Hon. Dr. Mary Nagu (MP),


Minister for Justice and Constitutional Affairs
DAR ES SALAAM

PRIVATE AND CONFIDENTIAL


Dear Mama Nagu,
We outline the culmination of the most appalling corruption yet again in the judicial
system in Moshi. This corruption has now crossed international boundaries and we
cannot be expected neither do we intend to participate with what can only be described as
a judicial pantomime any further.
Mama Nagu neither of us are prepared to go in to court again in respect of the defamation
proceedings brought by Mengi. Our reasons are as follows. I will be as brief as possible
and will copy this letter to Mr, Lyimo, the assistant attorney General knowing that he will
be able to assist you with the legal points we make here.
DEFAMATION PROCEEDINGS
A.

NO CAUSE OF ACTION DISCLOSED IN THE PLAINT

Tanzania Law Reports [1992]. 29TH September 1992, Arusha.

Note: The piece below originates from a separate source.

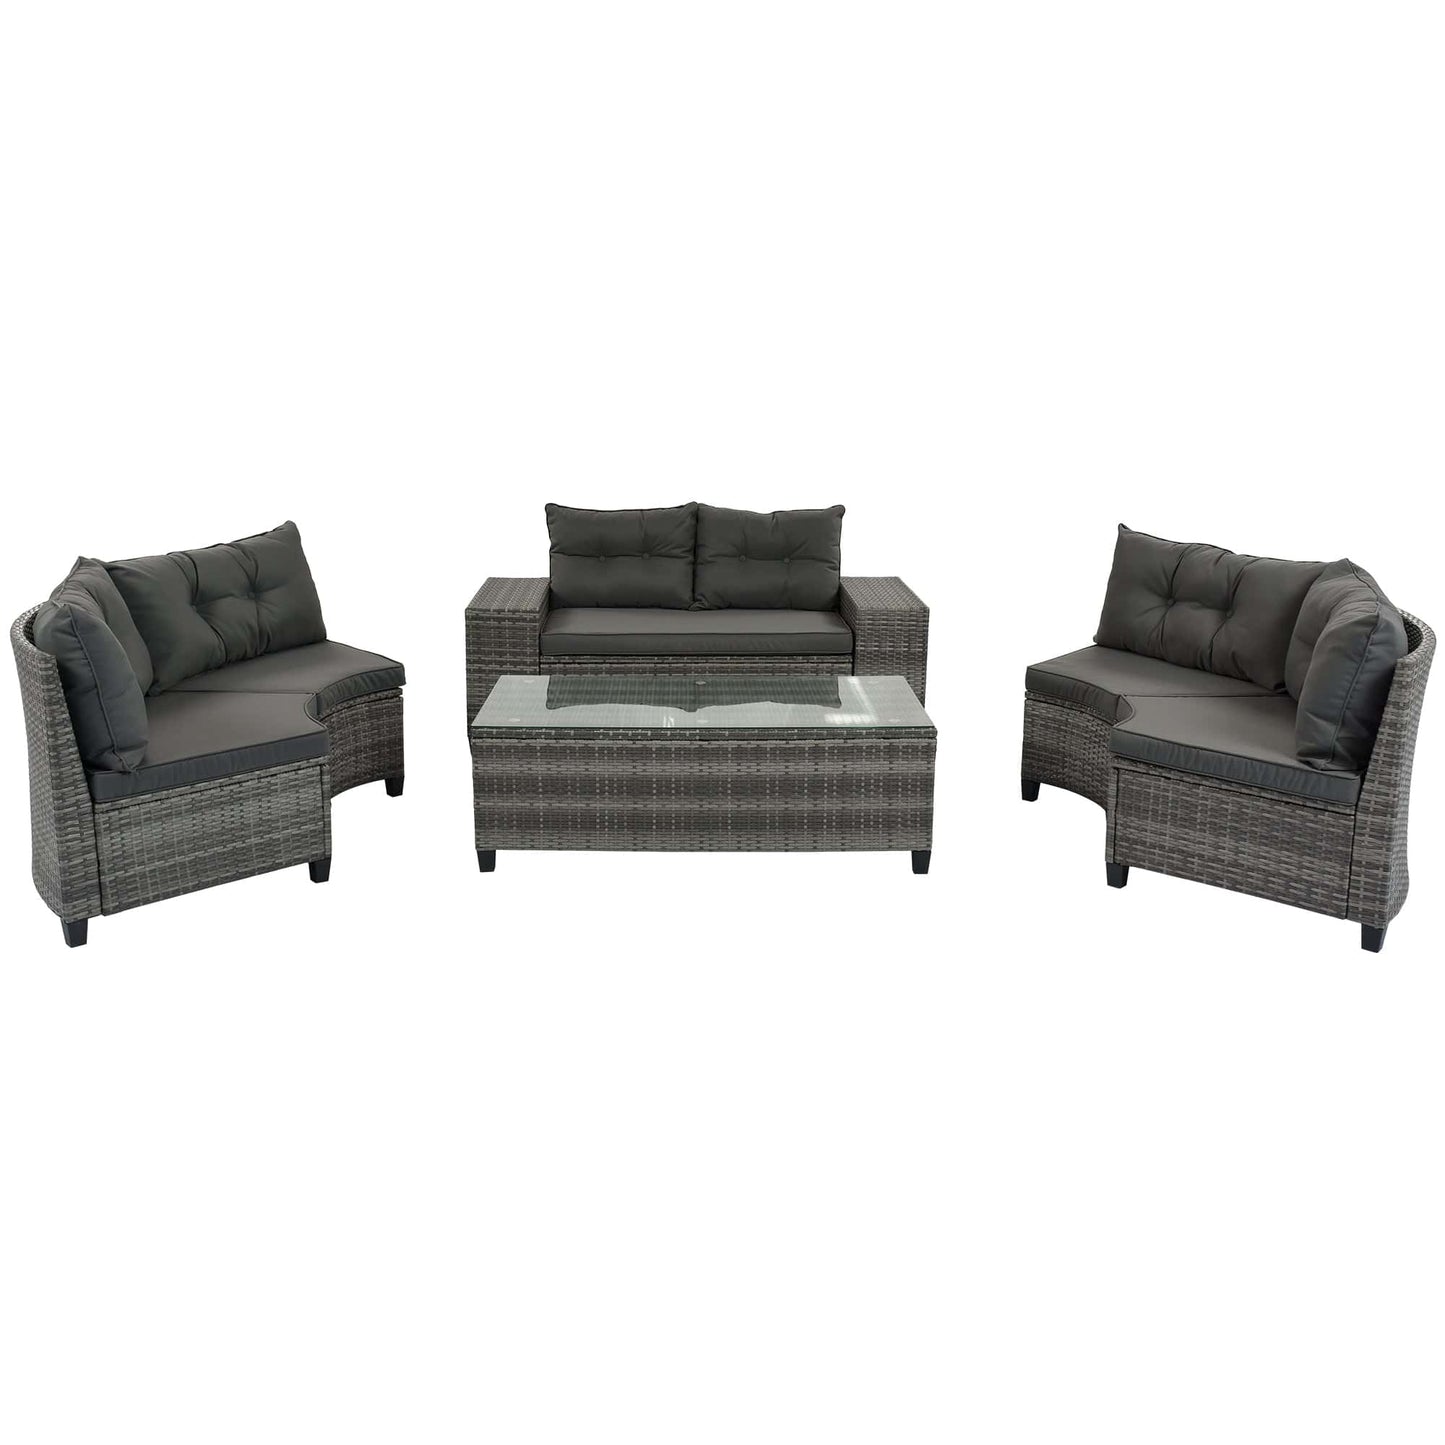 1st Choice Furniture Direct Outdoor Sofa 1sr Choice Curve Outdoor Wicker Sofa Set with Water-resistant Cushions

J.B. Shirima & Others Bus Servise v Humphrey Meena t/a Comfort Bus Service.
High Court of Tanzania (Mushi. J.)
WHERE A PALINT DSICLOSES NO CAUSE OF ACTION IT SHOULD BE
STRUCK OUT.

It is clear law that evidence contained in affidavits filed in the course of legal proceedings
are protected by the common law doctrine of absolute privilege and can never be
actionable. Further, words directed at the plaintiff personally can never amount to
defamation (whilst they may or may not amount to abuse) and there is no common law,
either in Tanzania or England that holds private electronic communications addressed to
specific recipients (and thus not posted on a public web-site or other public electronic
forum) to be defamatory.
It is of concern to us, that under these circumstances, this plaint has been filed by
prominent lawyers in Dar es Salaam (who we understand are Reginald Mengis lawyers)
and has not been struck out suo motu by the court. The plaint clearly seeks to mislead the
court on material facts amounting to an abuse of due process. An advocates primary duty
is to the court and this duty has not been met in the filing of this plaint.
On submission of the plaint to the court for filing, we were owed a duty of care in that:The court has an inherent (and mandatory obligation) power to strike out pleadings which are
manifestly an abuse of due process of law. Such a power is not confined to cases where the abuse
is manifest in the pleadings but may be exercised where the facts are proved by affidavit which
show the abuse. Mulla. Page 1819
The question is whether the real cause of action has been set out in the plaint or something purely
illusionary has been stated... If on a meaningful-not formal- reading of the plaint it is manifestly
found to be vexatious and meritless, in the sense of not disclosing a right to sue (emphasis added),
the judge should exercise his power under Order V1 Rule 16 of the Civil Procedure Code (or
any other enabling provision of law) and strike out the proceedings.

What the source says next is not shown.